Тысячи обезьян, облепив холмы и вершины деревьев, с тревогой всматривались в небо: не мелькнёт ли в нём тень возвращающегося героя?
Сам Рама с нетерпением и ужасом смотрел туда, где у самого горизонта уже заблестели в жёлтом небе семь звёзд северного ковша.
Врачи то и дело наклонялись к груди умирающего, прислушиваясь, как угасает его дыхание.
И вот последние лучи уходящего дня окрасили кровью запад ный край неба.
— Горе мне! — прошептал Рама. — Мой брат сейчас покинет нас…
И вдруг светлая тень прочертила темнеющее небо, земля задрожала от ветра, и огромная обезьяна, испуская призывные крики, опустилась у ног Лакшманы. Хануман бережно поставил на землю гору и сказал:
— Торопитесь!
И тогда старый врач, проживший половину жизни в лесах, подбежал к горе, торопливо нашёл на её вершине целебную траву, сорвал её и приложил к разверстой ране. И на глазах поражённых воинов края раны дрогнули и стали закрываться. Синева сбежала с лица раненого, он вздохнул полной грудью, пошевельнулся и открыл глаза.
— Хвала богам! — воскликнул Рама. — Мой брат будет жить!
Вторая битва Лакшманы с Кумбкахарны
Прошла ночь. Утром, видя, что Лакшмана почувствовал себя снова крепким, Рама сказал:
— Я иду на поле битвы отомстить за твою рану, брат мой!
— О нет! — ответил Лакшмана. — Оставь это мне, иначе получится, что великан победил меня.
И он, натянув кольчугу и шлем, вооружился луком и стрелами и вновь вышел на поле.
Увидя его, затихли и полчища обезьян на холмах, и полки ракшасов под стенами города.
— Кумбкахарны! Я снова здесь, я жду тебя! — провозгласил Лакшмана.
Тут же одна из башен города покачнулась, потому что на неё легла огромная волосатая рука, и из-за башни показались голова и плечи Кумбкахарны. Великан перешагнул через стену и, приминая землю, направился к Лакшмане.

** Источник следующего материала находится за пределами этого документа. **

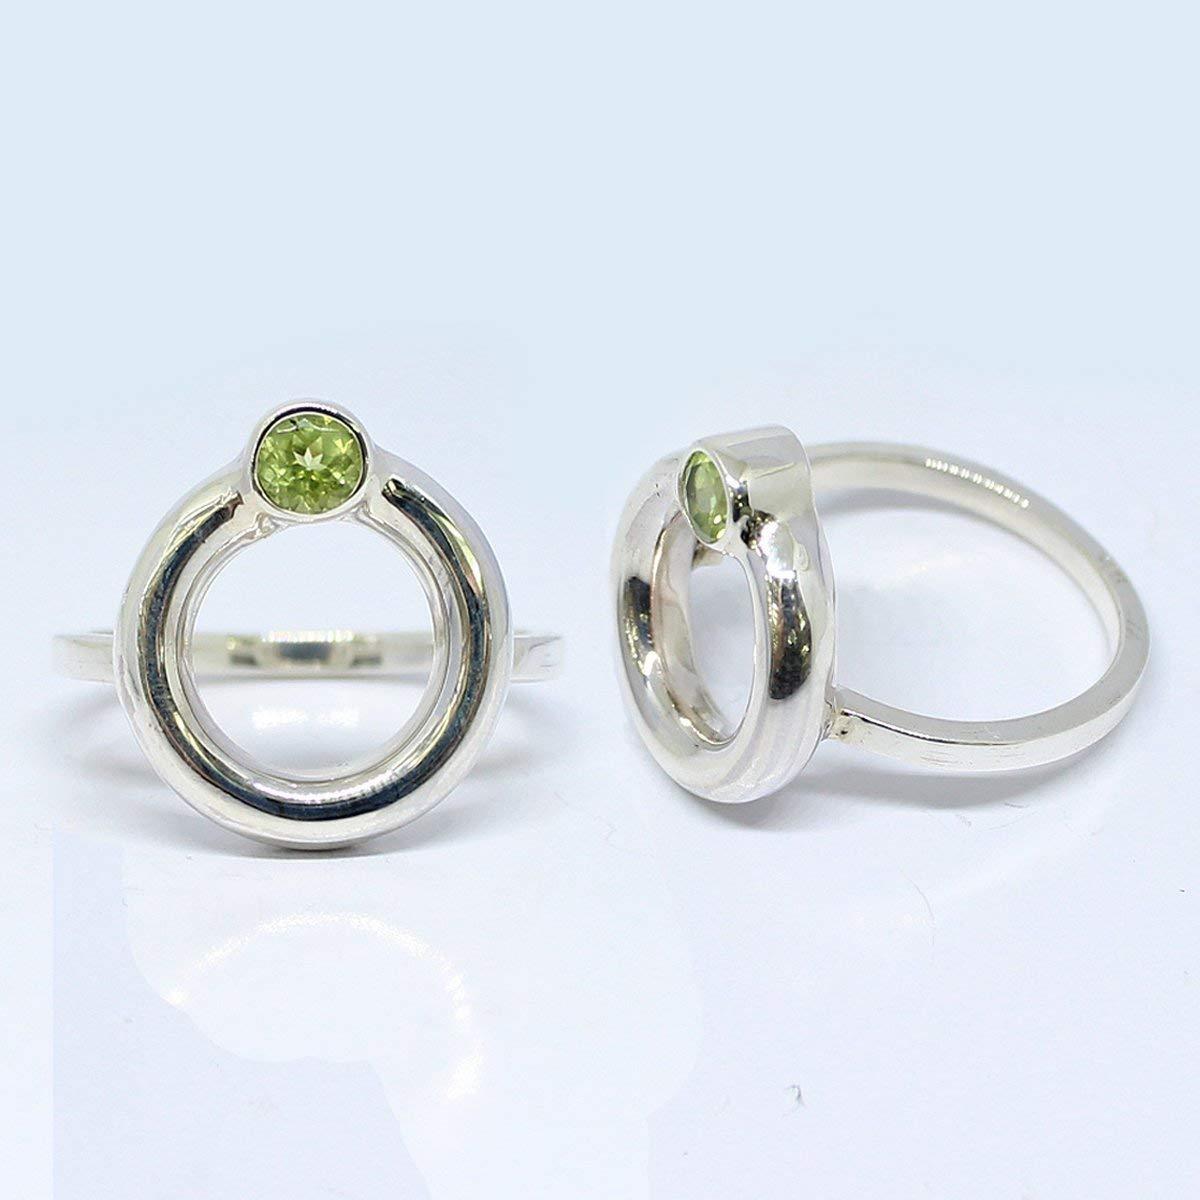 Handmade sterling silver ring with genuine 4 * 4 mm peridot stone, beautiful gems stone ring, stunning bali handmade rings, silver ring with natural peridot stone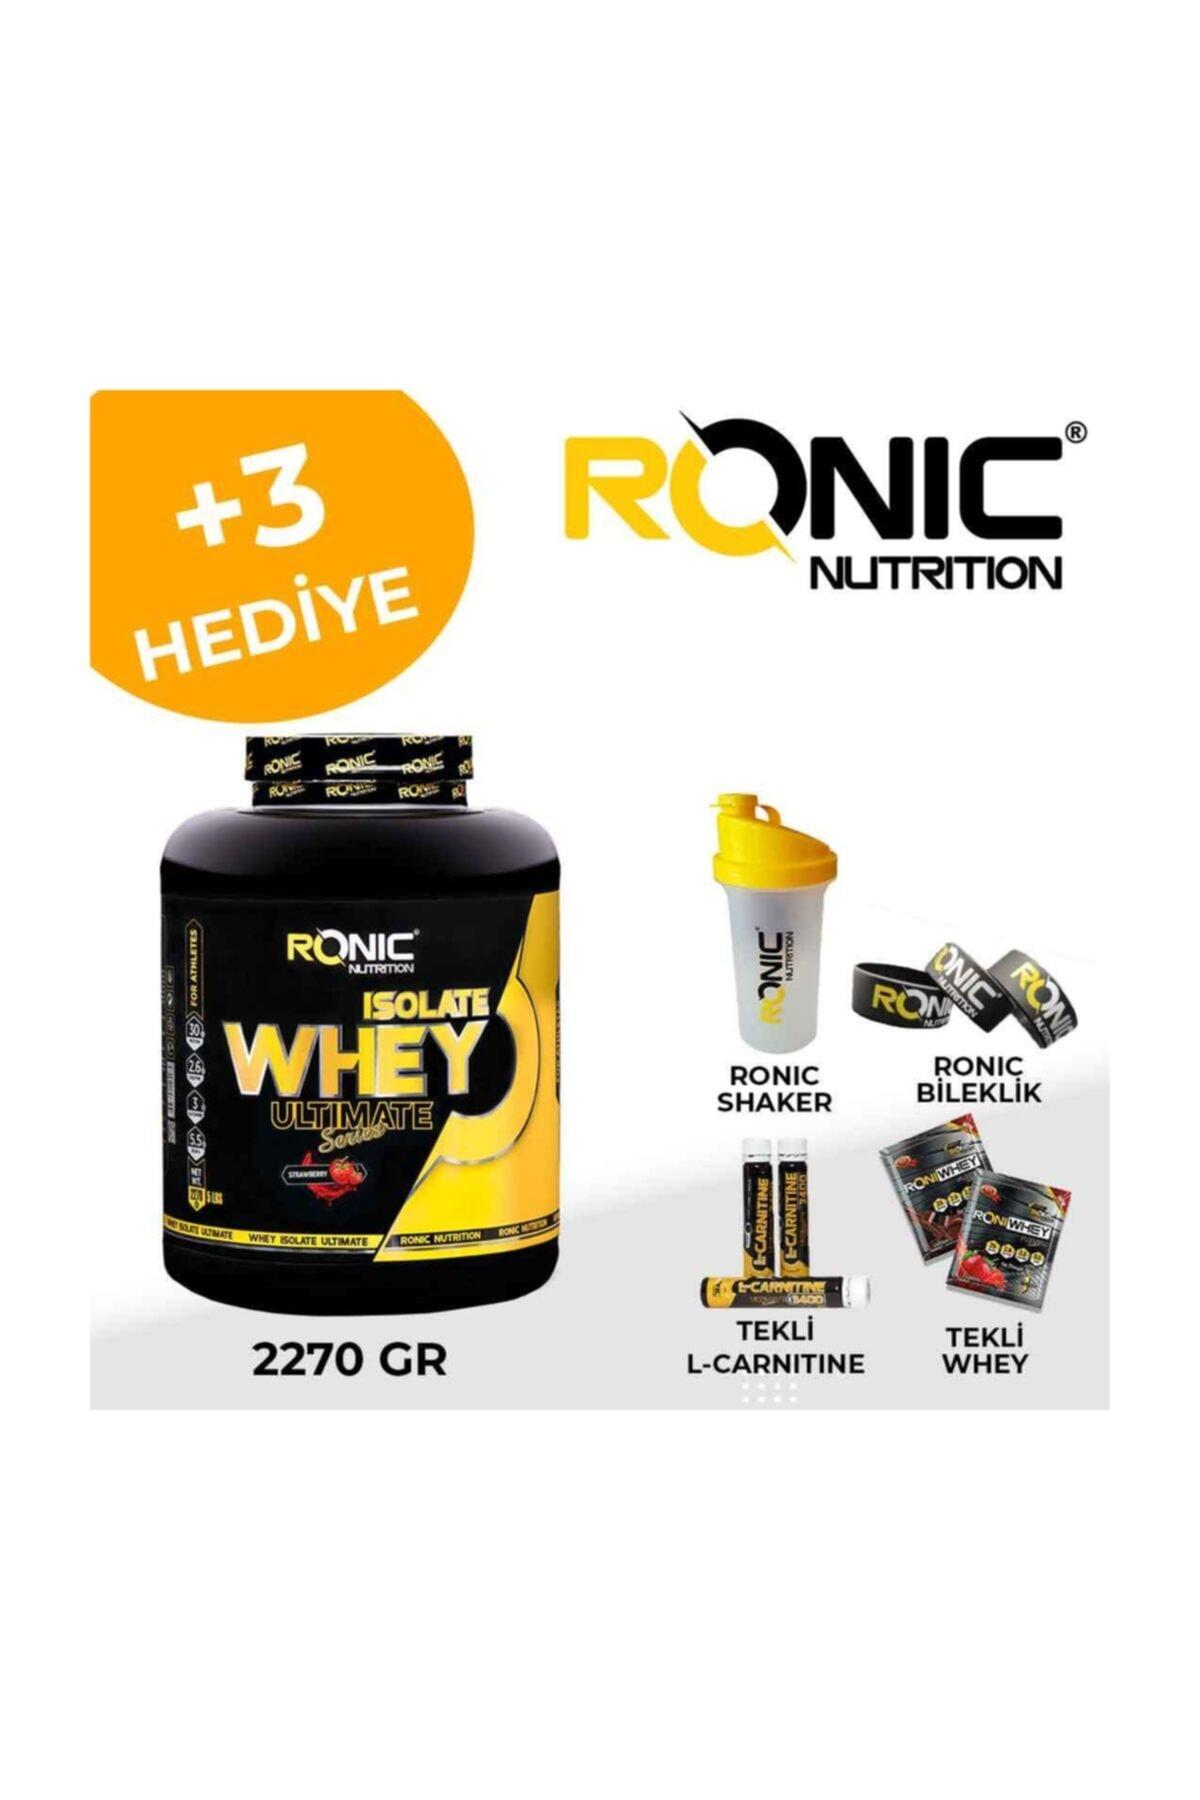 Ronic Nutrition Whey İsolate Protein Tozu Çilek Aromalı 2270 Gr + 3 Adet Hediyeli 2

И тогда солнце поднялось повыше, чтобы лучше видеть поединок героев. И птицы взлетели на вершины белоцветной лесной яблони бильвы, и звери вышли из леса, чтобы стать свидетелями битвы.
И вновь Кумбкахарны поднял своё отравленное копьё и, прицелившись, метнул его в грудь Лакшманы. Но на этот раз брат Рамы был проворнее, он уклонился, и копьё со свистом пролетело мимо. Оно упало посреди леса, и тотчас из того места, где оно вонзилось в землю, забил ядовитый источник; подрезанные под корень, рухнули деревья, пожухла, свернулась и почернела трава, на месте прекрасного леса возникло болото, и над ним поднялся ядовитый туман.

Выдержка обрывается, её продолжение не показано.